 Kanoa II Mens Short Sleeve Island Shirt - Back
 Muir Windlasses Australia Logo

- - - - -

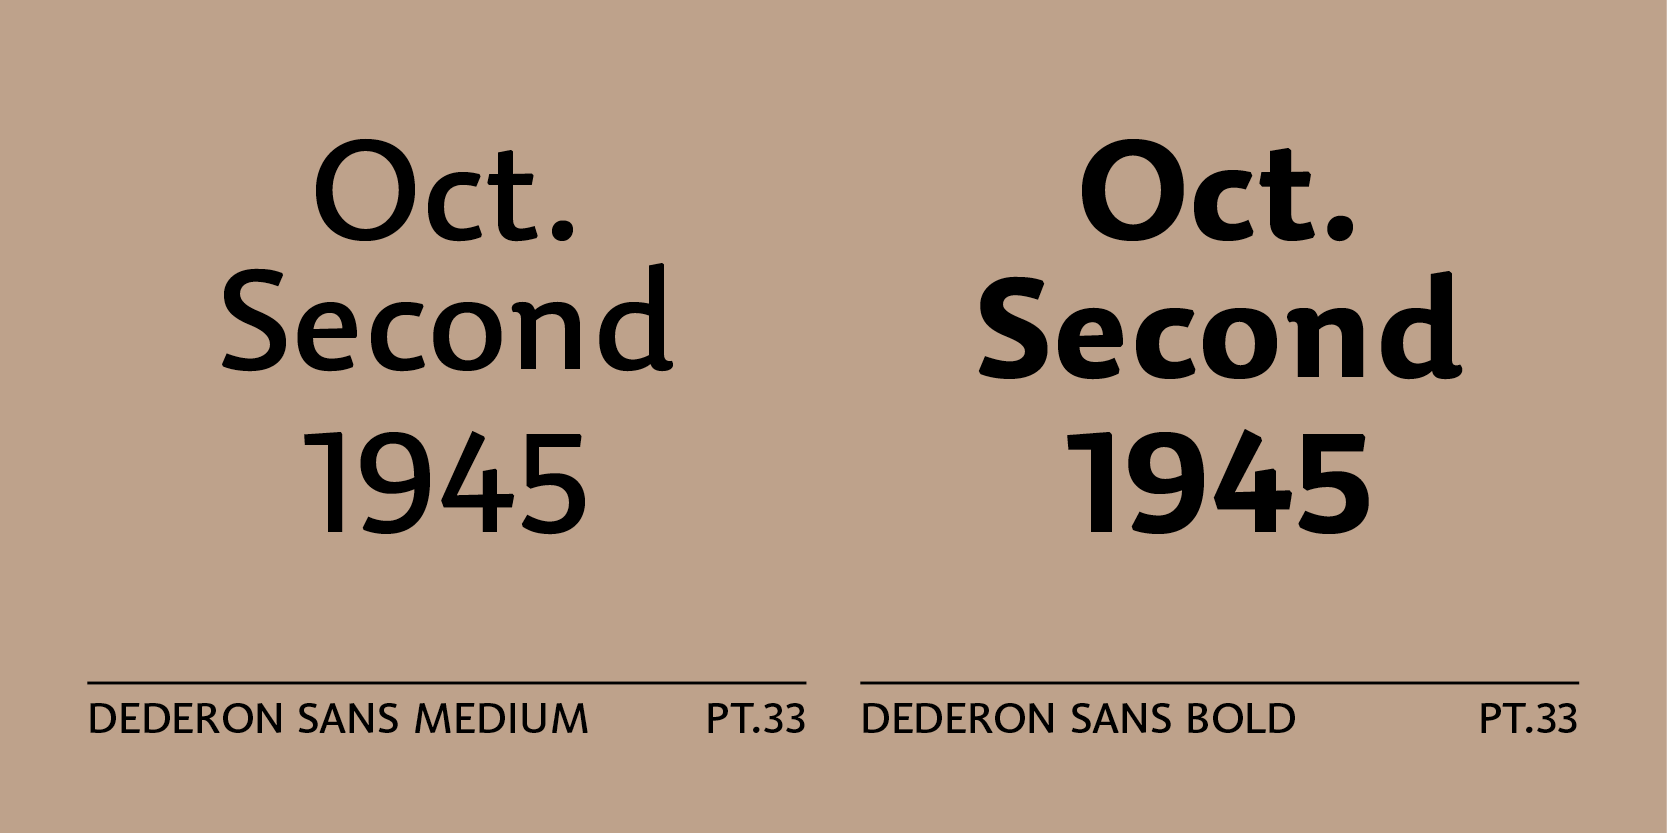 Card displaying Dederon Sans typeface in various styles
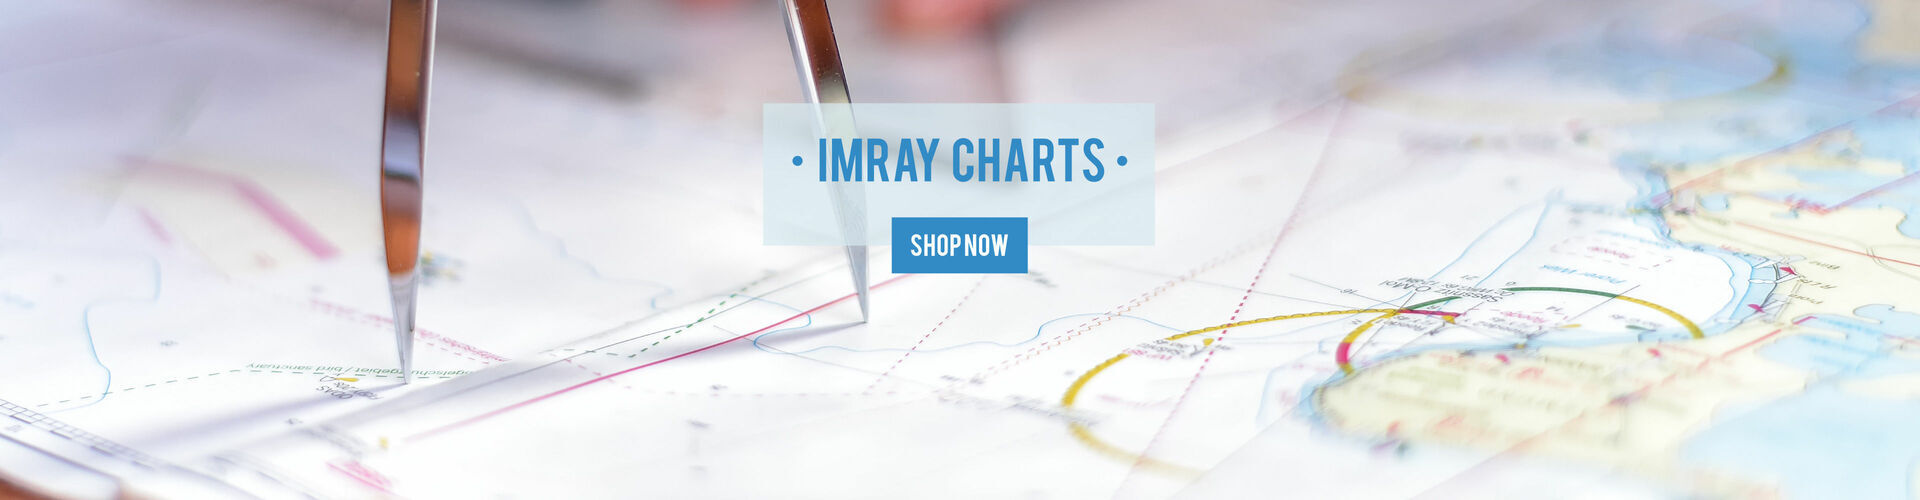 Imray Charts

- - - - -

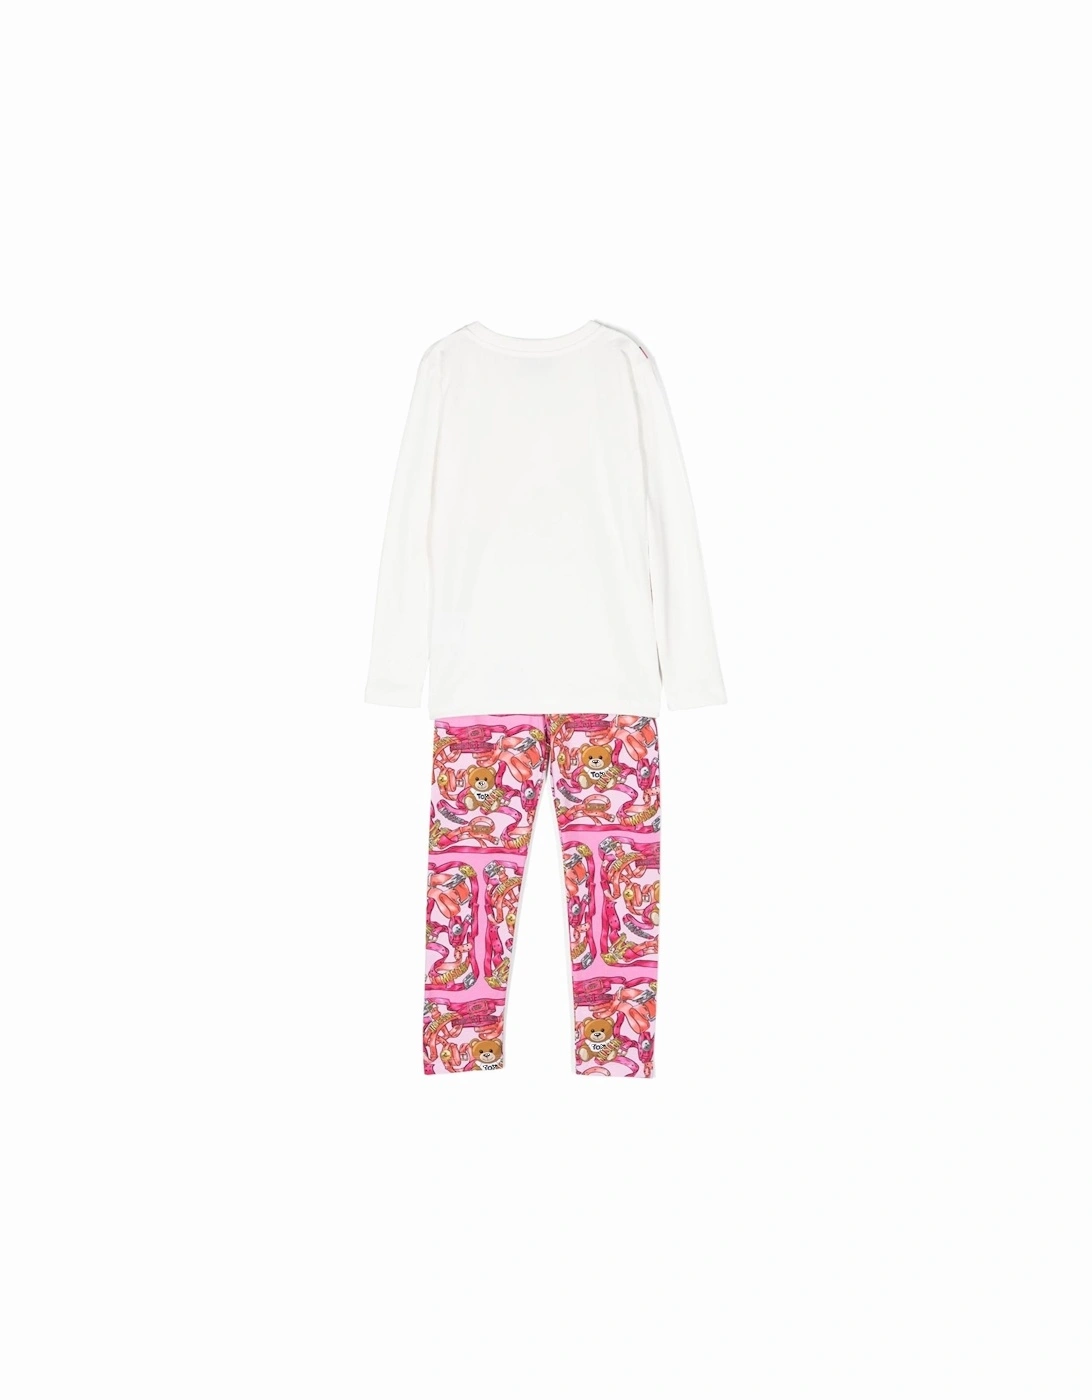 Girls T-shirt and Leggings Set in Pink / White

- - - - -

Problem to work on: Each line in the entries above, starting at the line with "Kanoa II Mens" and ending at the line with "Muir Windlasses Australia Logo", is to be printed exactly, and only those lines.

Response to this task:
 Kanoa II Mens Short Sleeve Island Shirt - Back
 Muir Windlasses Australia Logo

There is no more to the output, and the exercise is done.